*** Information provided ***

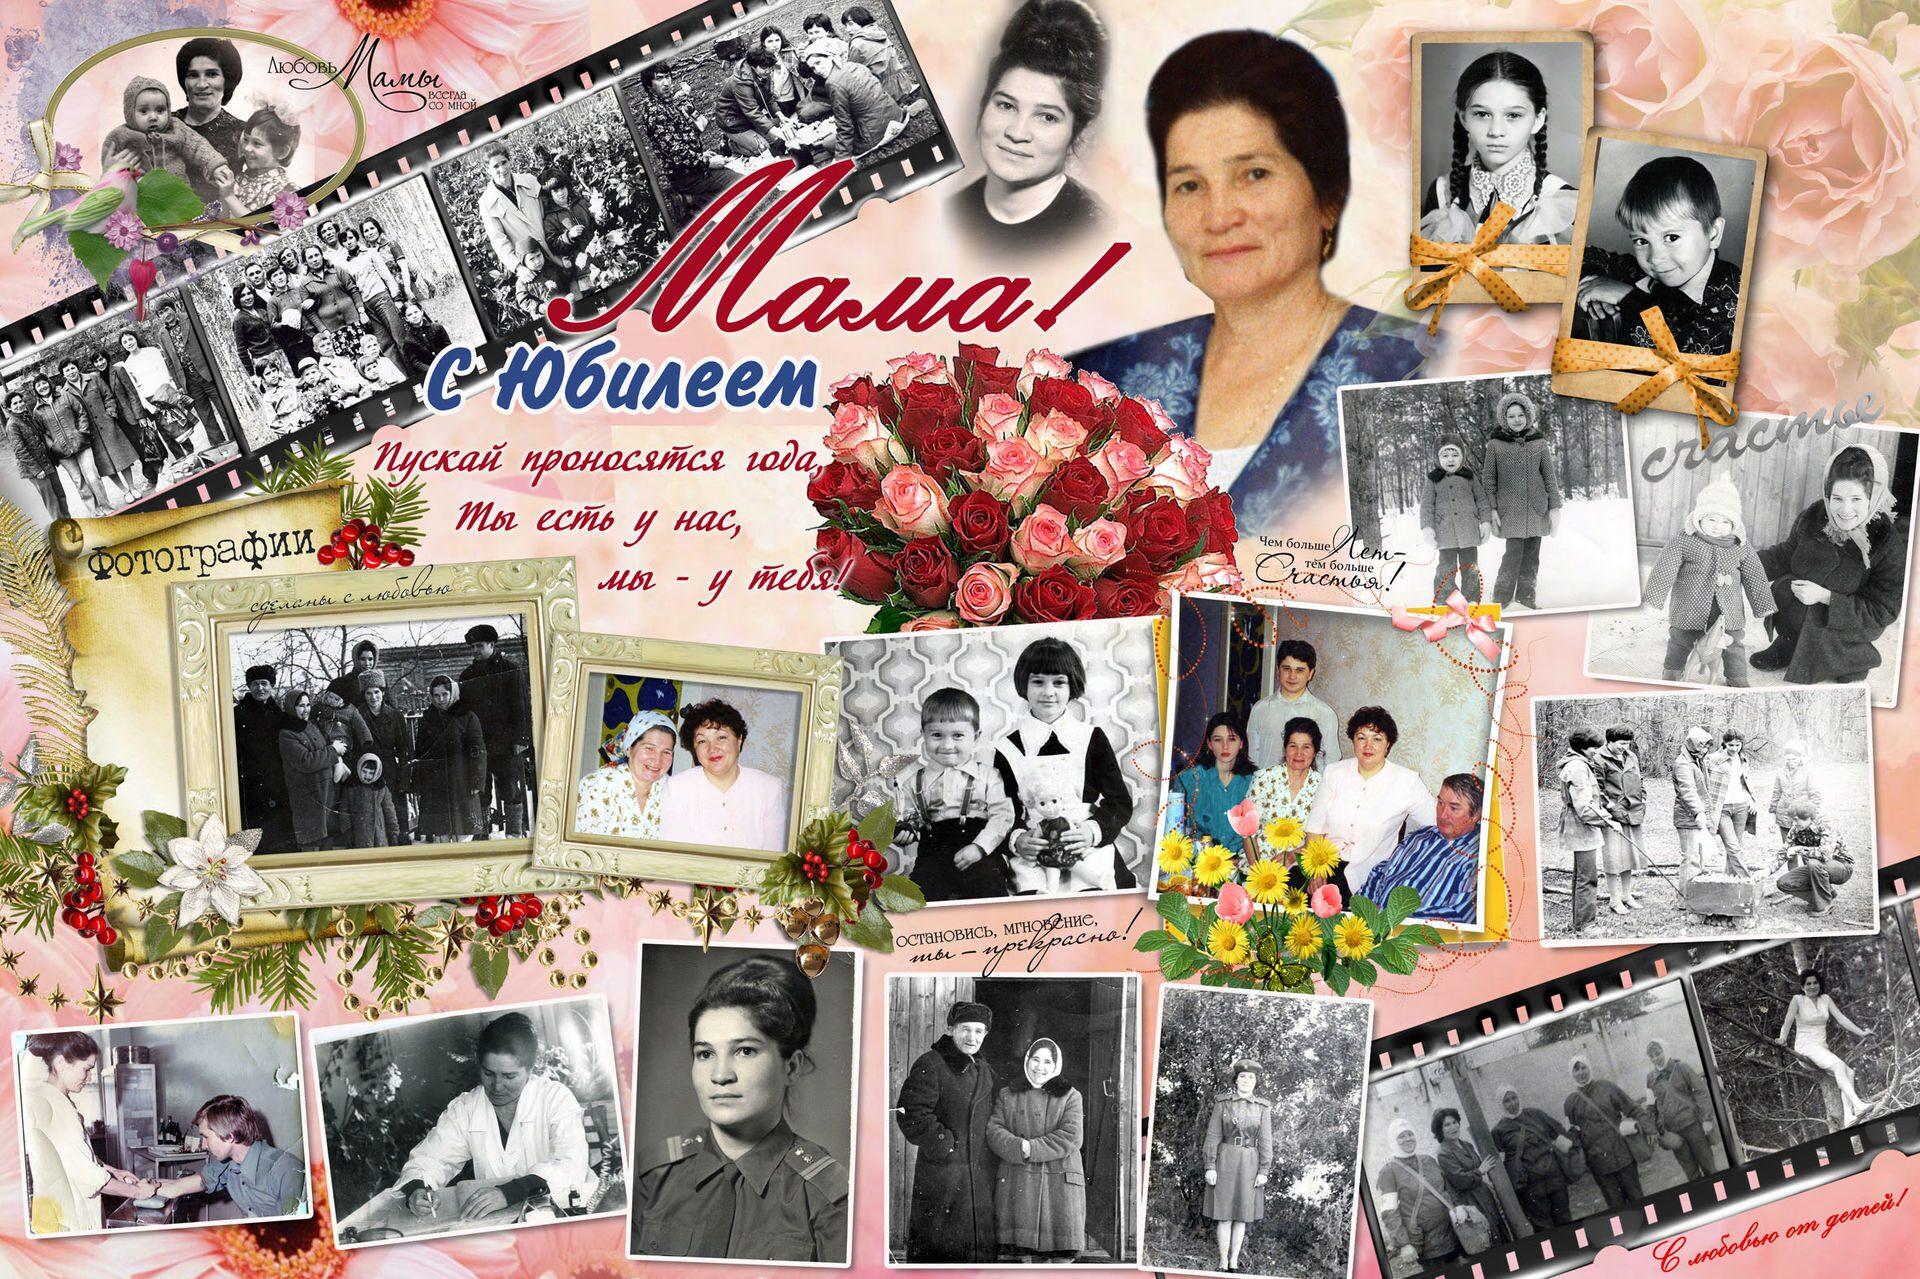 Поздравление маме на юбилей 60 лет фото
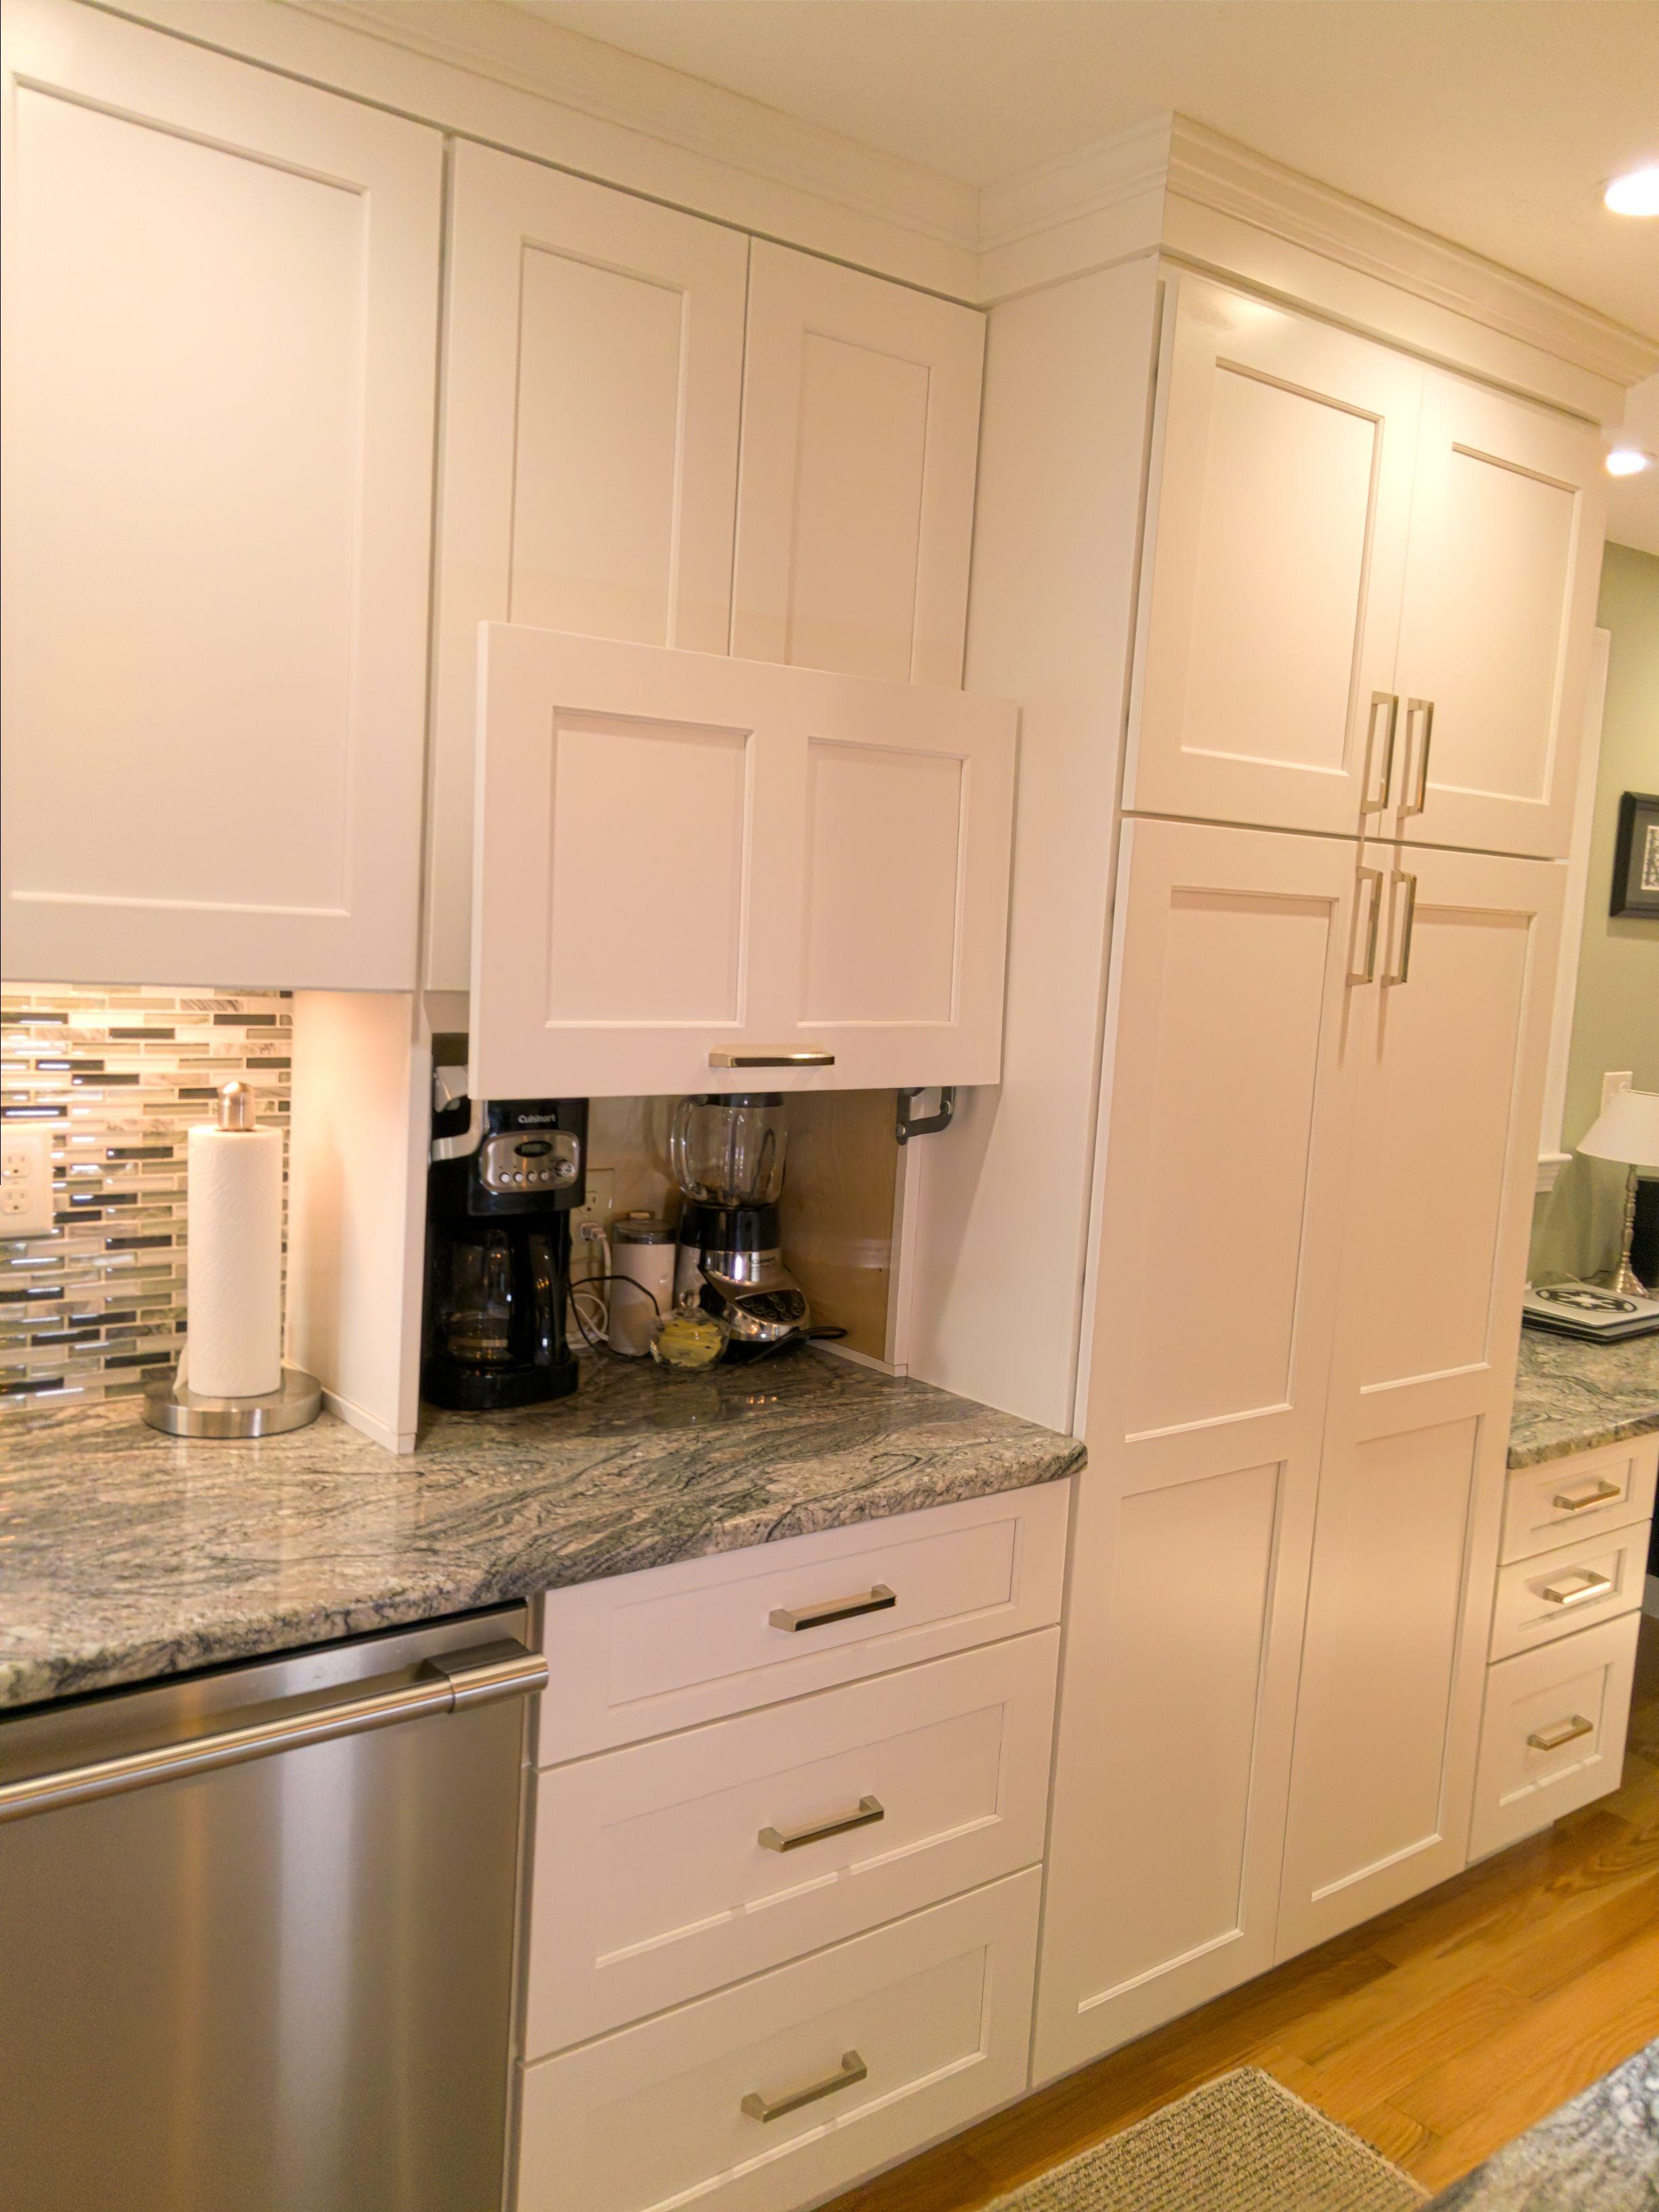 hide kitchen appliances for a cleaner counter top kitchen design decor kitchen remodel plans on kitchen remodel appliances id=24008
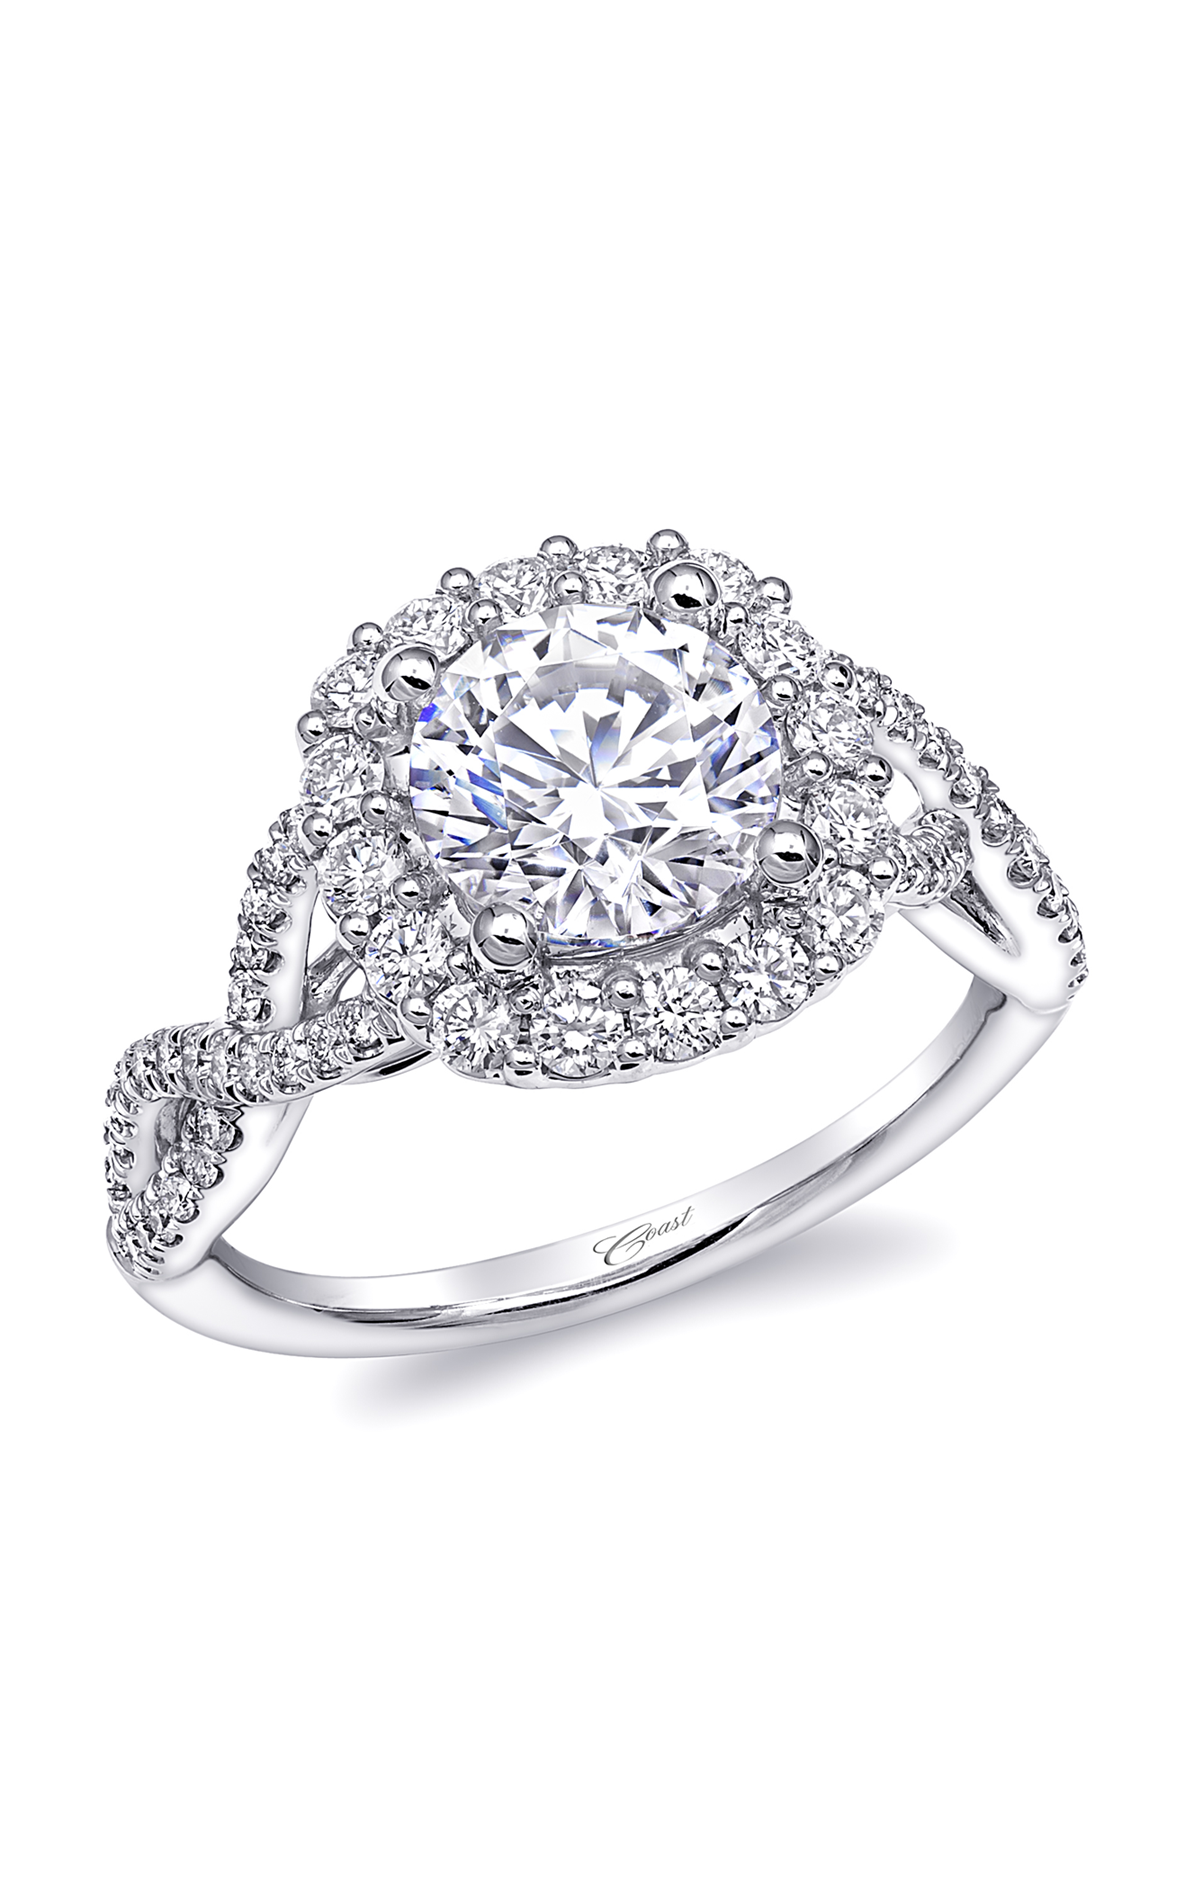 Coast Diamond Charisma LC10124 product image

*** End of Information provided ***

_Work to be completed_. Could you return, word for word, every line from the line with "hide kitchen appliances" through the last line of the listing above, both ends included, without any pictures?

_Exercise answer_.
 hide kitchen appliances for a cleaner counter top kitchen design decor kitchen remodel plans on kitchen remodel appliances id=24008
 Coast Diamond Charisma LC10124 product image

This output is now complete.